In the next normal, however, institutions will need to make risk decisions rapidly and flexibly, laying out and executing responses, whether immediate or prolonged, about how to avoid, control, or accept each risk. The decisions should actively engage leaders from across an organization to determine the mitigation and response efforts that have worked well in the past, as well as those that have not. In that way, the organization can develop the ways it manages risks in today’s world. Companies will have to be able to answer the following questions:
- How should we mitigate the risks we are taking? Historically, many companies have relied heavily on manual controls and on human assessments of control effectiveness. That approach can generate excess, costly layers of controls in some areas while leaving gaps or insufficient controls in others. Today, the art of the possible in defending against adverse outcomes is rapidly evolving. Automated control systems are built into processes and detect anomalies in real time. Behavioral nudges influence people to act in the right ways. Controls guided by advanced analytics simultaneously guard against risks and minimize false-positive results.

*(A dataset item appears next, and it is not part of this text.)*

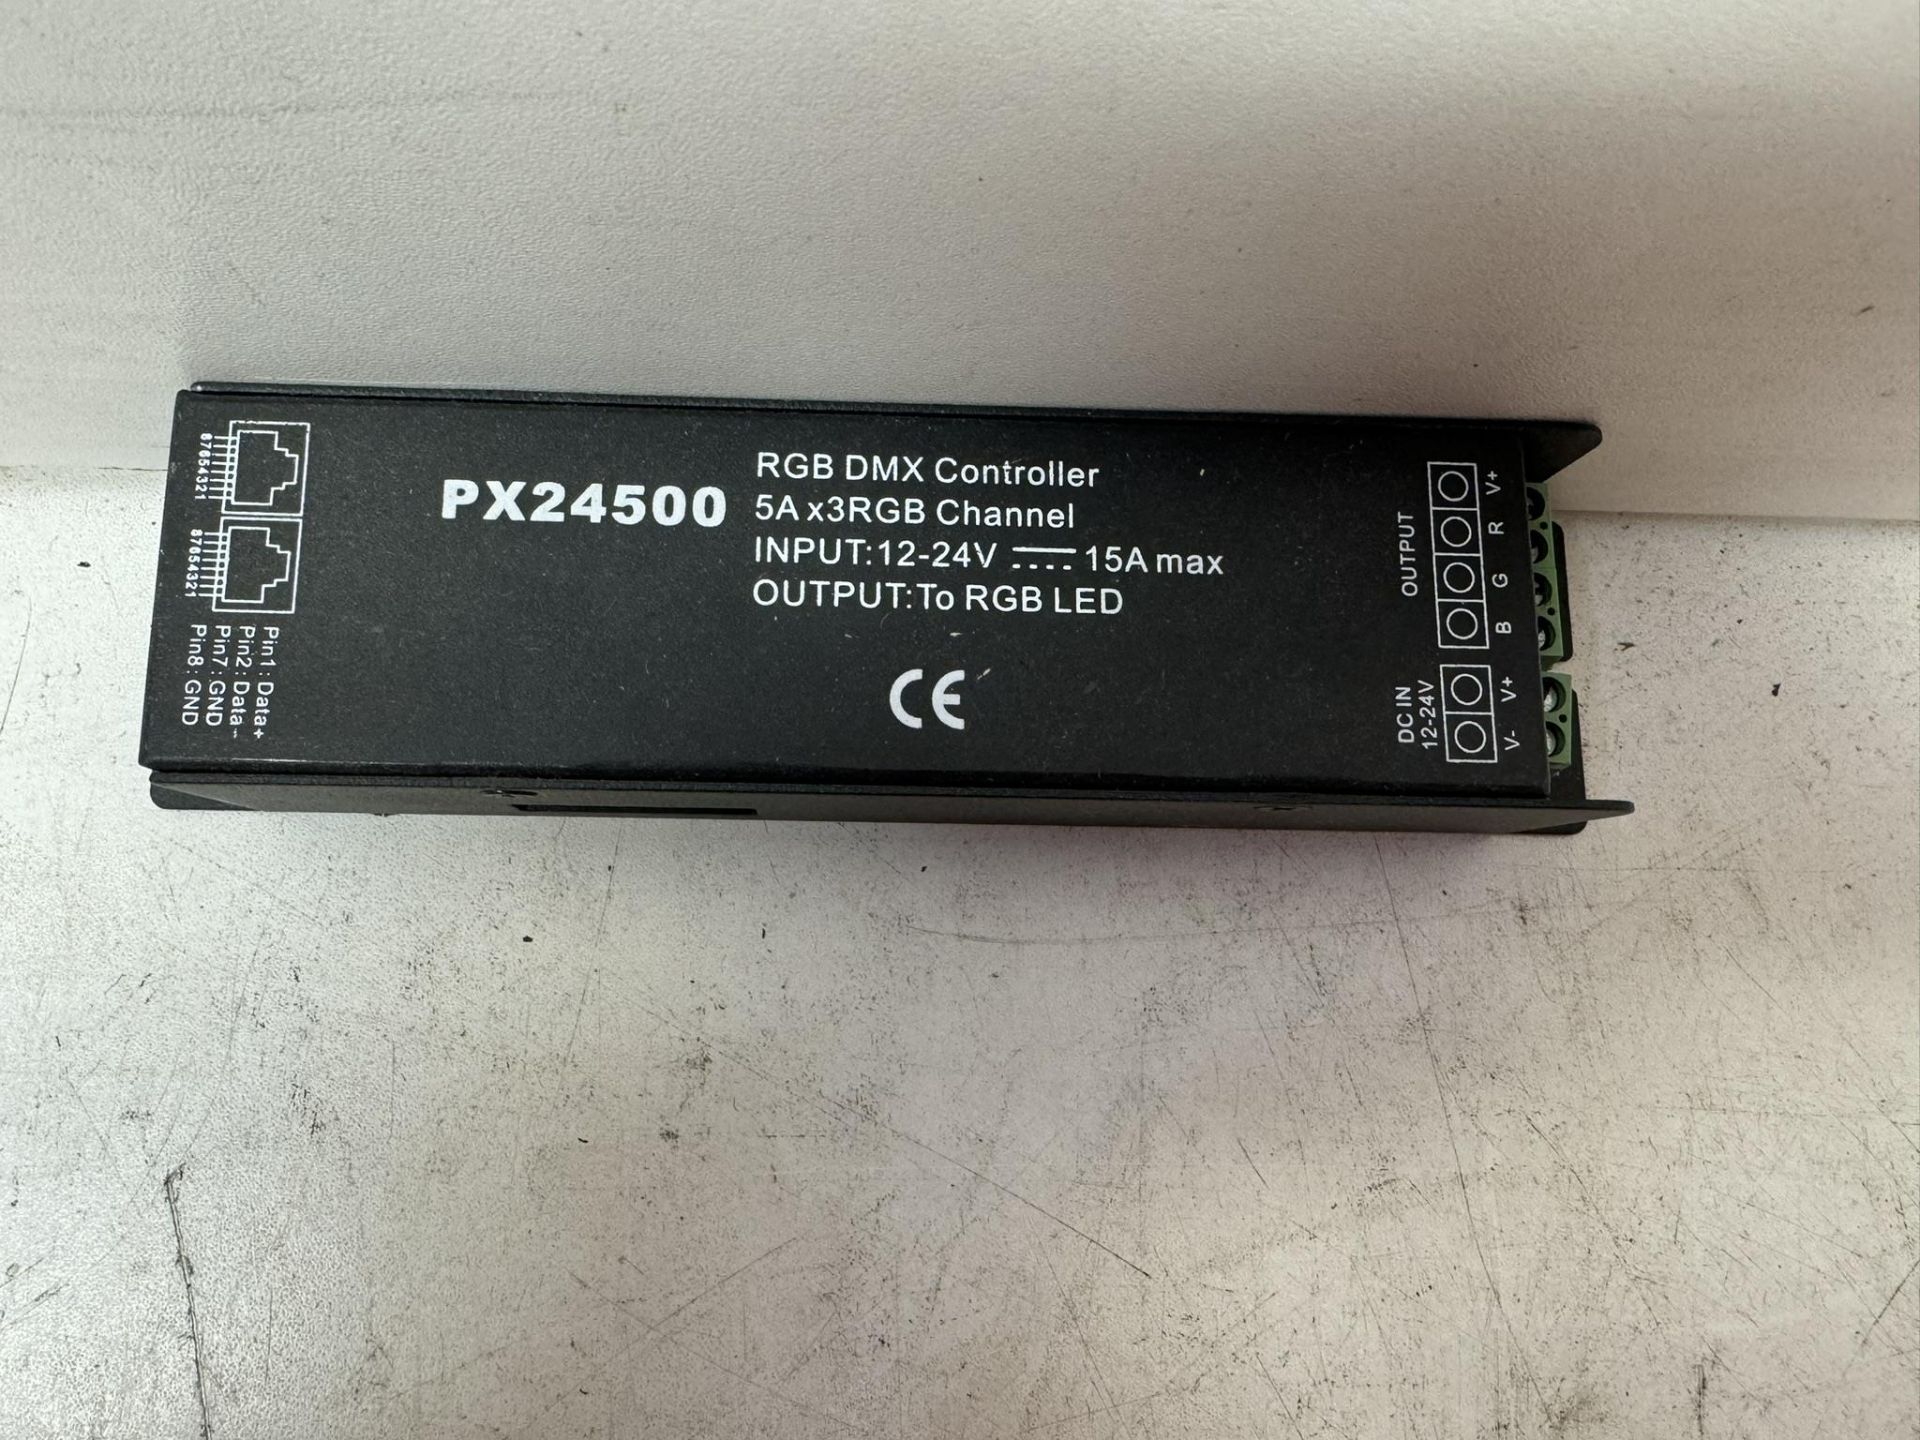 10 x PX24500 RGB DMX Controllers

- How would we respond if a risk event or control breakdown occurs? In the event of a major control breakdown, companies need to be able to switch quickly to crisis-response mode, guided by an established playbook of actions. Most companies have done little to prepare for crises, seemingly taking an attitude that “it won’t happen here.” However, in the evolving world, firms will need to build crisis-preparedness capabilities systematically. As the COVID-19 crisis has demonstrated, companies with well-rehearsed approaches to managing through a crisis will be more resilient to shocks. Preparation should involve identifying the possible negative scenarios unique to an organization and the mitigating strategies to adopt before a crisis hits. That includes periodic simulations involving both senior management and the board. Companies should maintain and periodically update detailed crisis playbooks. Their strategies should include details on when and how to escalate issues, preselected crisis-leadership teams, resource plans, and road maps for communications and broader stakeholder stabilization.